Please note that the following document, although believed to be correct at the time of issue, may not represent the current position of the CRA.
Prenez note que ce document, bien qu'exact au moment émis, peut ne pas représenter la position actuelle de l'ARC.
Principal Issues: What are the withholding obligations on certain transactions relating to distributions of shares?
Position: Withholding is required subject to any CRA administrative provisions that may be applicable.

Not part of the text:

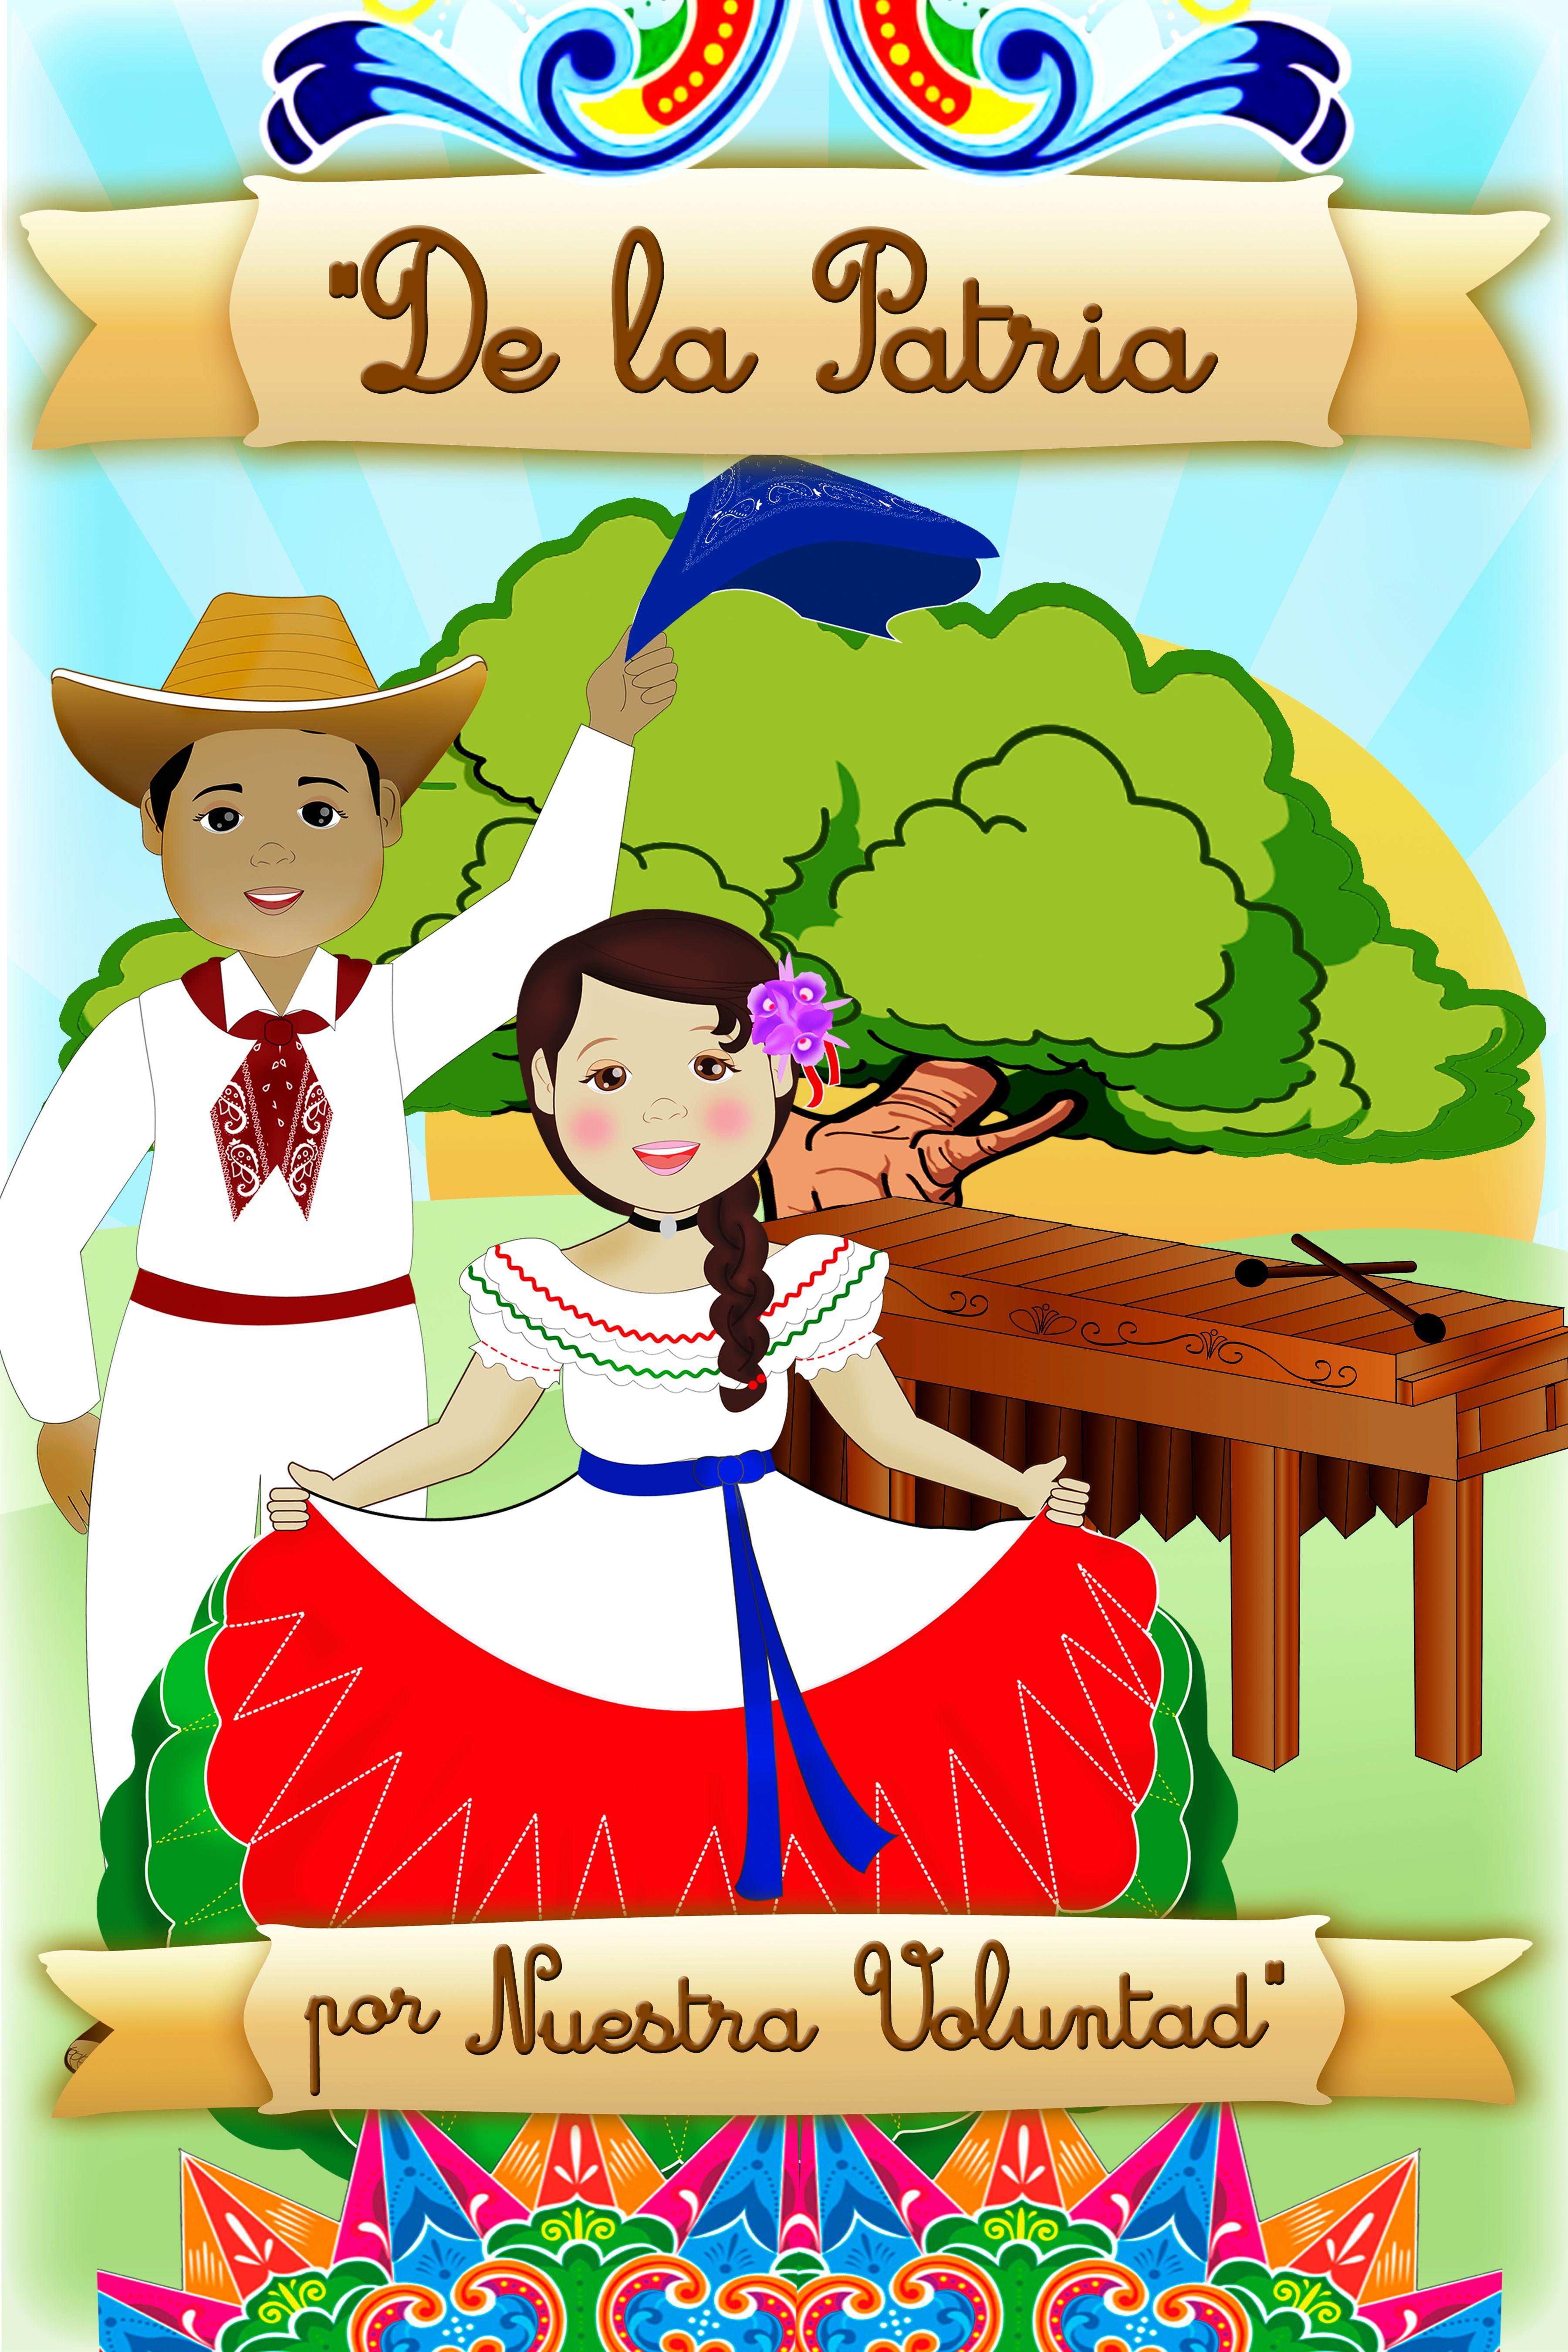 Efemerides Celebracion Anexion De Guanacaste Mexican Art Country Crafts Pura Vida

Reasons: Responses were prepared by Trust Accounts.
CLHIA Roundtable 2009
Question 2: Employer Withholding
Question
What are the employer's withholding obligations in circumstances where:
a) shares are distributed out of an employee benefit plan trust in satisfaction of an employee's benefits; and
b) in the exercise of an employee stock option, shares acquired under the option are first sold and the proceeds are then distributed to the employees?
CRA Response
a) As noted in paragraph 48 of IT-502 Employee Benefit Plans and Employee Trusts, when payments are made out of or under an employee benefit plan, a requirement to withhold tax will arise on the earlier of the date the payment is made to the recipients or the date on which the recipient receives an unrestricted right to receive the payment. Accordingly, a trustee of a trust governed by an employee benefit plan will be required to withhold tax on the fair market value of the shares at the time they are issued to, or constructively received by an employee and report the benefit on a T4. In a situation where an employee is not being paid any cash remuneration, CRA will administratively waive the withholding on the benefit. This administrative position only applies to Canadian residents and withholding must be made for non-residents regardless of whether or not there is any cash remuneration to be paid to the employee.
b) In situations involving the exercise of an employee stock option an employee may elect (or the terms of the option may require) the use of a broker to sell the security short. The broker must then remit all or a portion of the net cash proceeds to the employer to pay for the shares being exercised. The balance is then paid by the employer to the employee. These types of transactions are often referred to as a same-day sale or cashless exercise.
Where the employer is aware of the same-day sale or cashless exercise, the employer is required to withhold tax and Canada Pension Plan contributions on the benefit. No administrative position can be applied under these circumstances which would reduce or eliminate the requirement to withhold deductions on the benefit. The only administrative position that can be applied is if the employee is entitled to claim the security options deduction the employer can reduce the benefit subject to tax by taking into account this deduction which reduces the benefit subject to tax by 50%.
It should be noted that the benefit in a cashless exercise will be based on the fair market value of the security at the time the treasury share is transferred to the employee or the employee's broker.